EXERCISE DIRECTIONS = From the entries below, write out exactly the lines between the line holding "horizon view of Denver Colorado park" and the line holding "144114-1 Восточный Экспресс", inclusive, excluding any pictures.

*** Opening of DATA TO EXAMINE ***

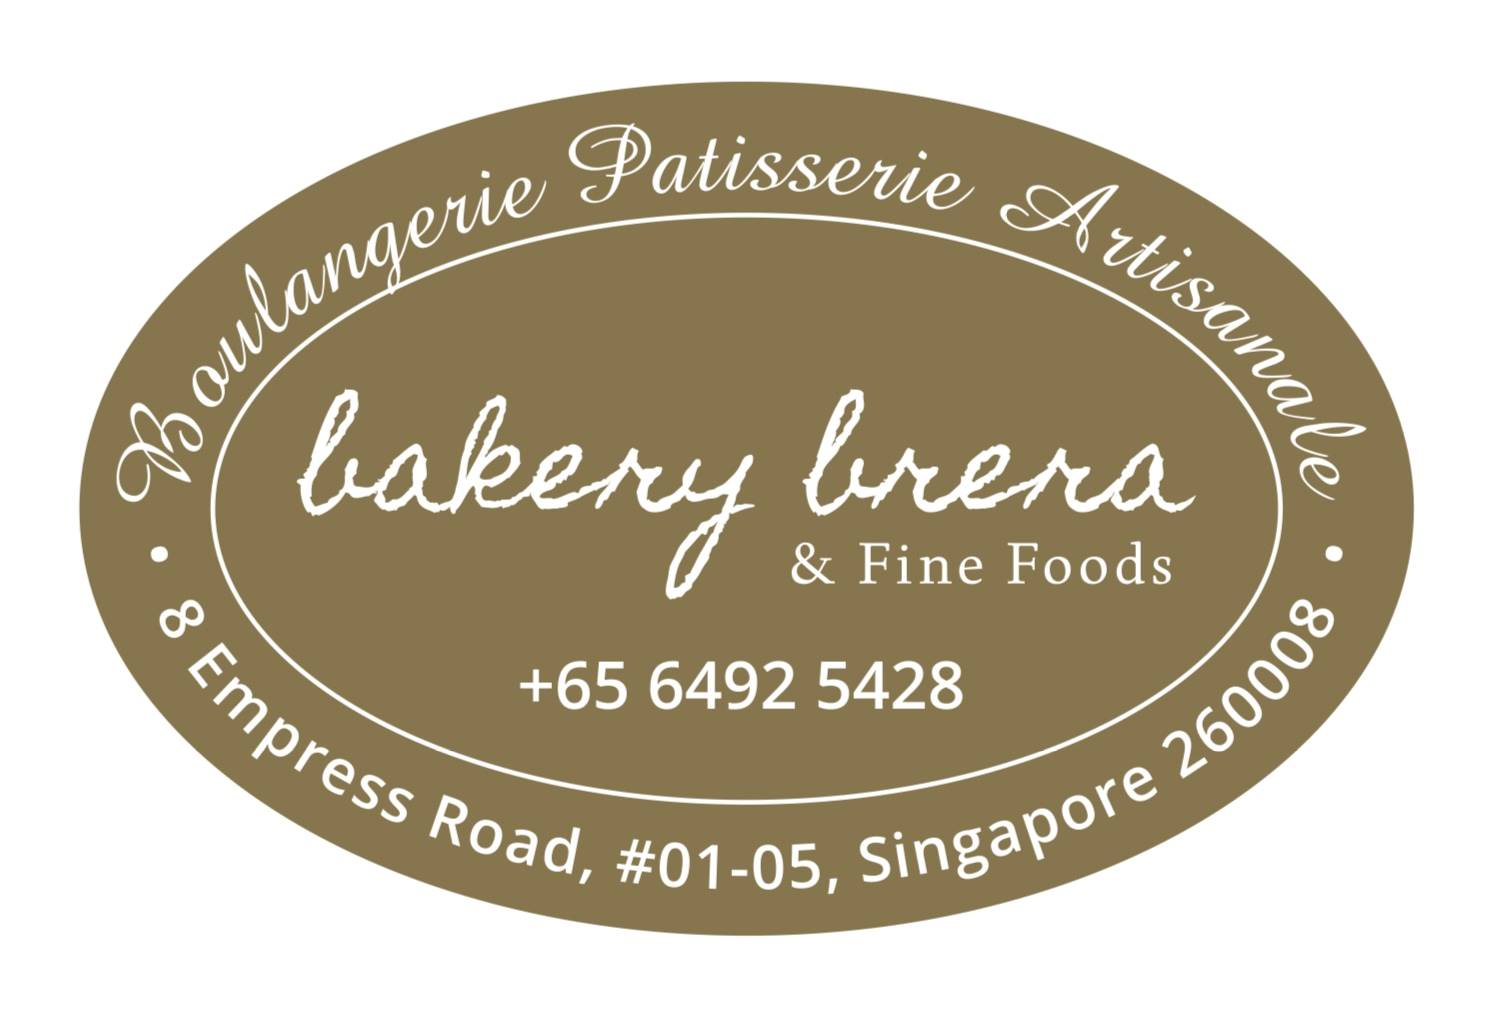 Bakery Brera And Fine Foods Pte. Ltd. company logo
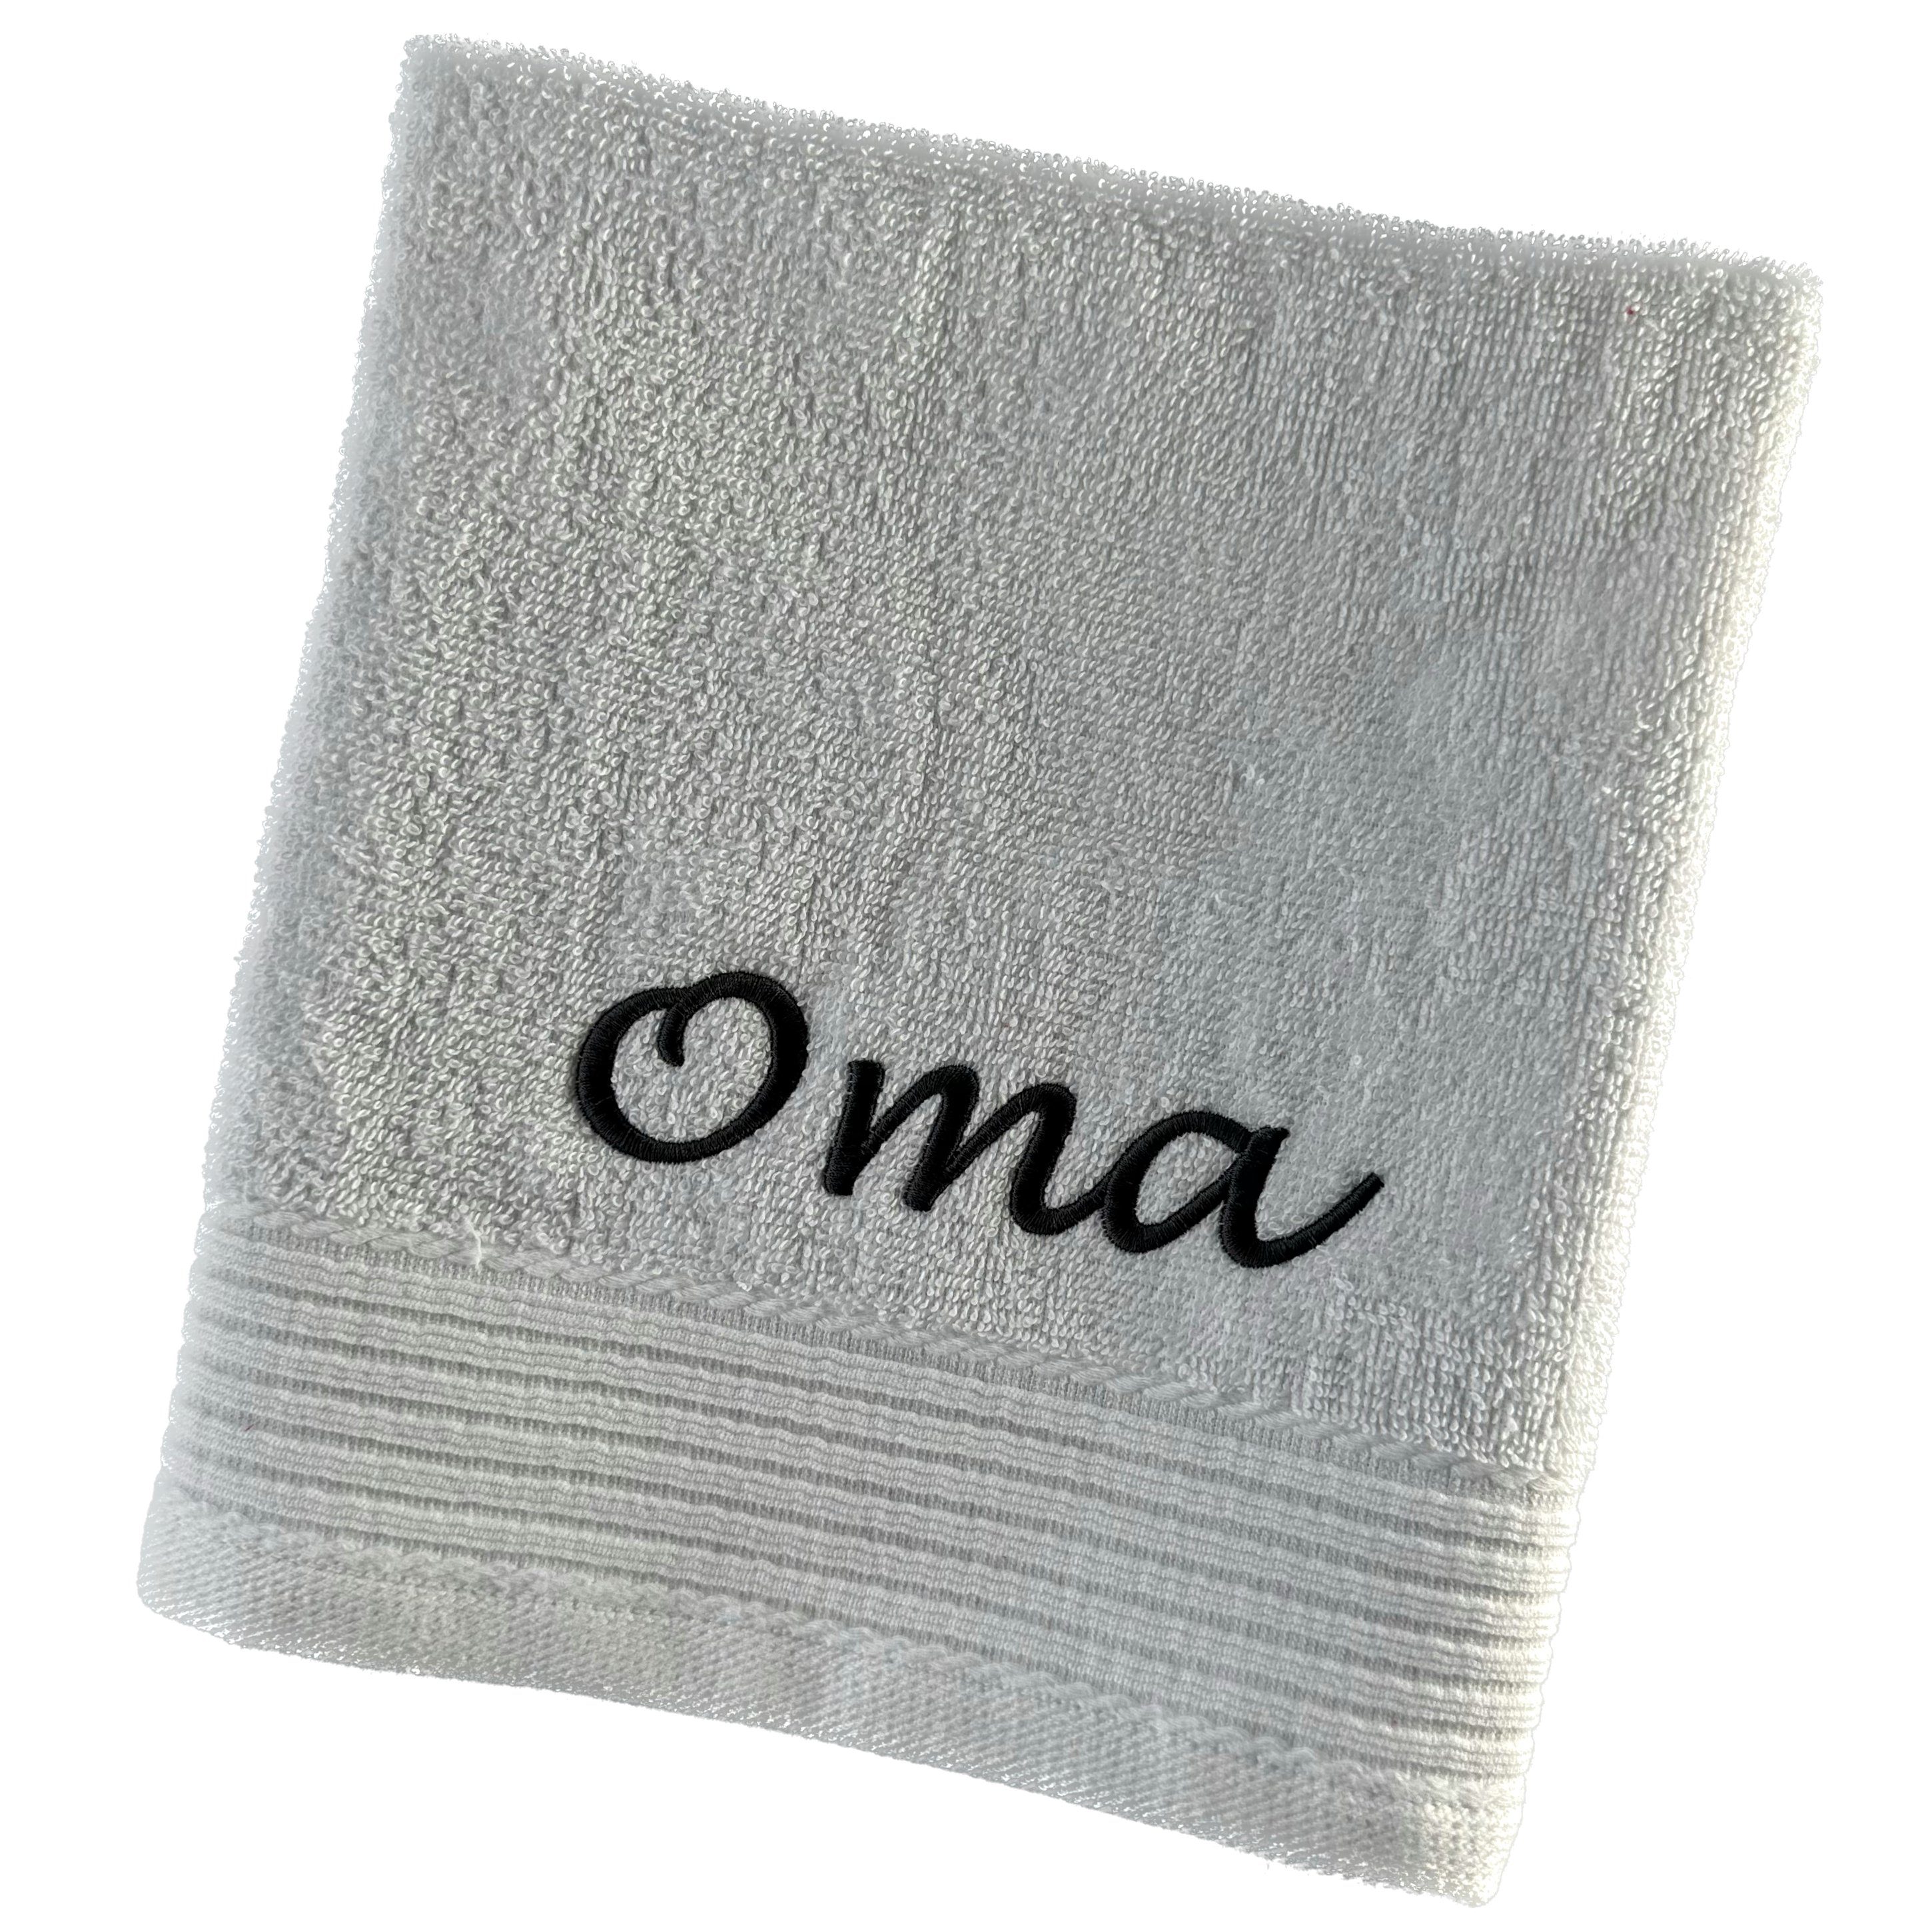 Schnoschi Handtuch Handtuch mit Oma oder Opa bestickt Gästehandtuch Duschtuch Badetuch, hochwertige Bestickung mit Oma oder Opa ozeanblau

*** Close of DATA TO EXAMINE ***
*** Opening of DATA TO EXAMINE ***

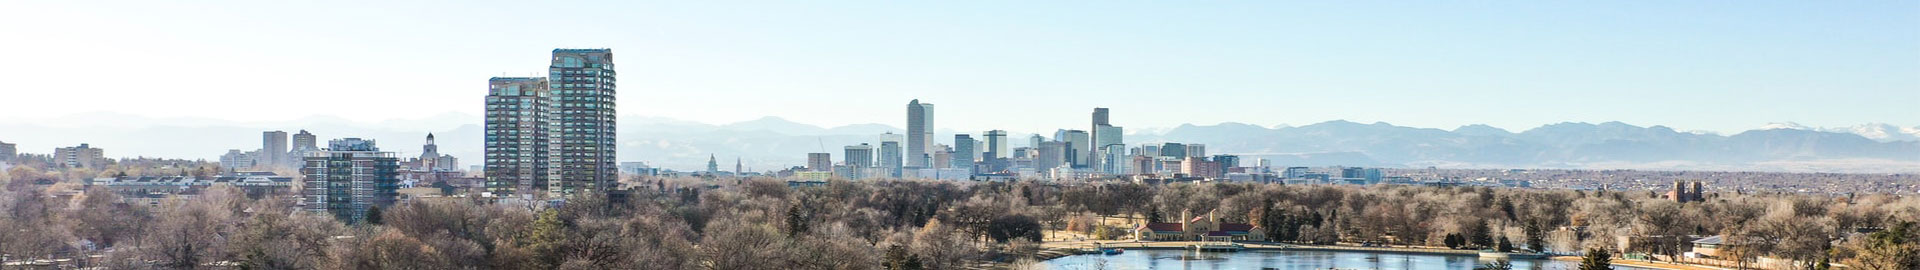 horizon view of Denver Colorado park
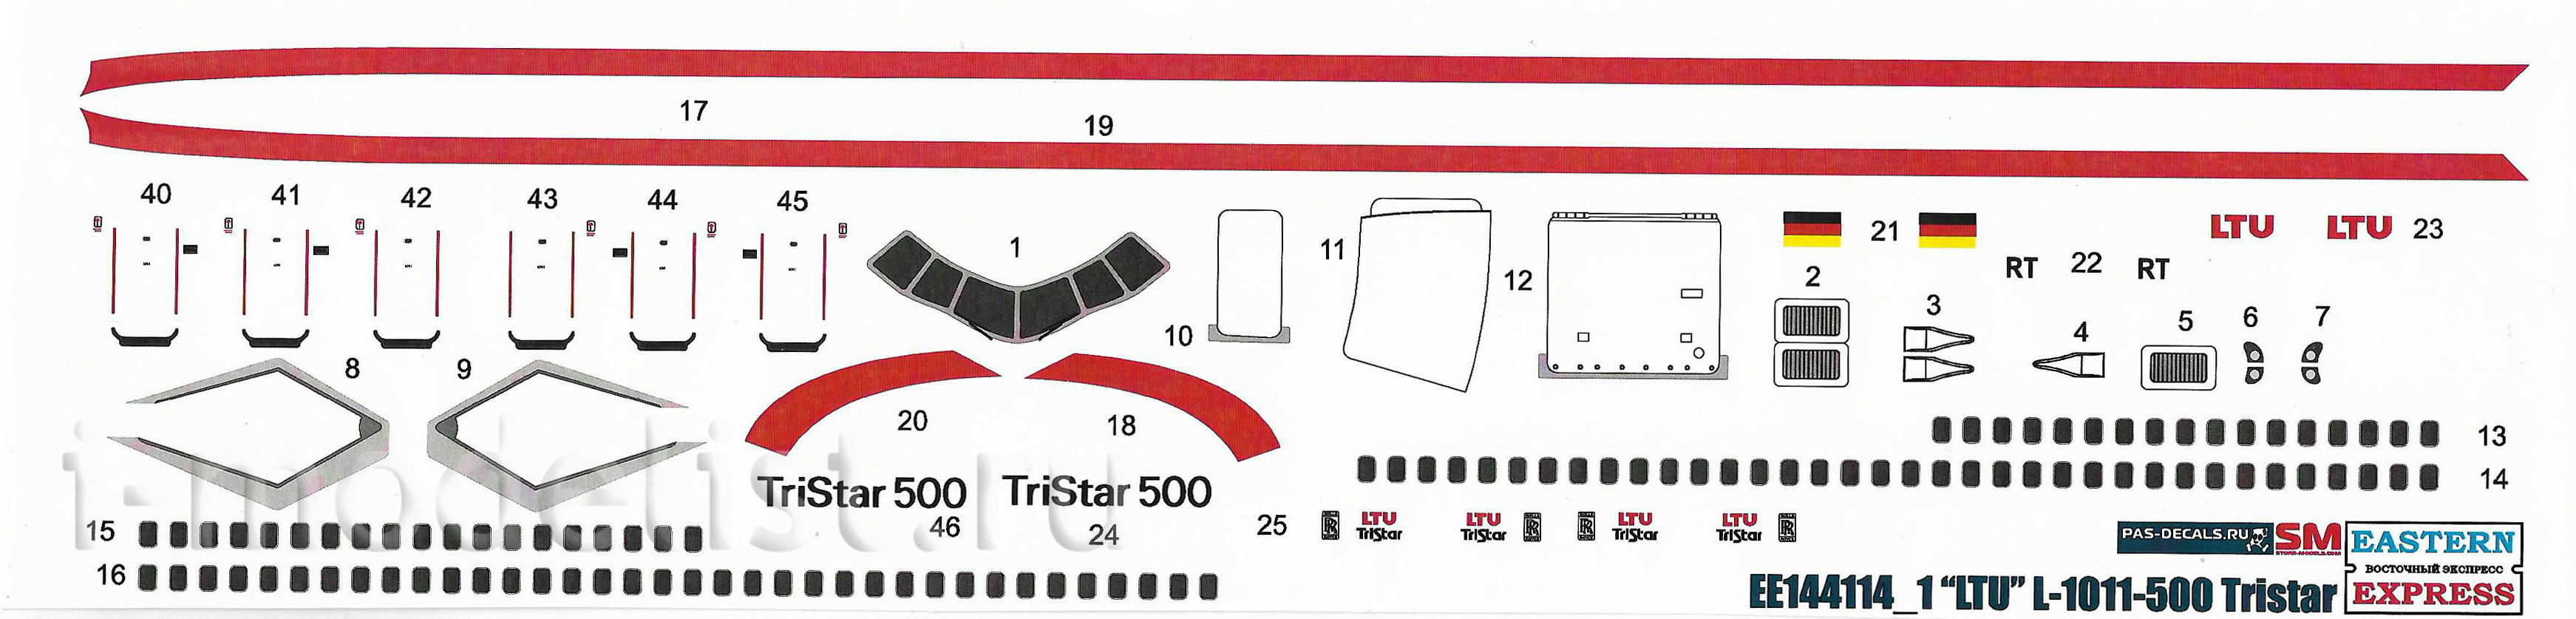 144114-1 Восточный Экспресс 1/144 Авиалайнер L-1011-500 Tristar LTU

*** Close of DATA TO EXAMINE ***

ANSWER FOR THIS EXERCISE =
 horizon view of Denver Colorado park
 144114-1 Восточный Экспресс 1/144 Авиалайнер L-1011-500 Tristar LTU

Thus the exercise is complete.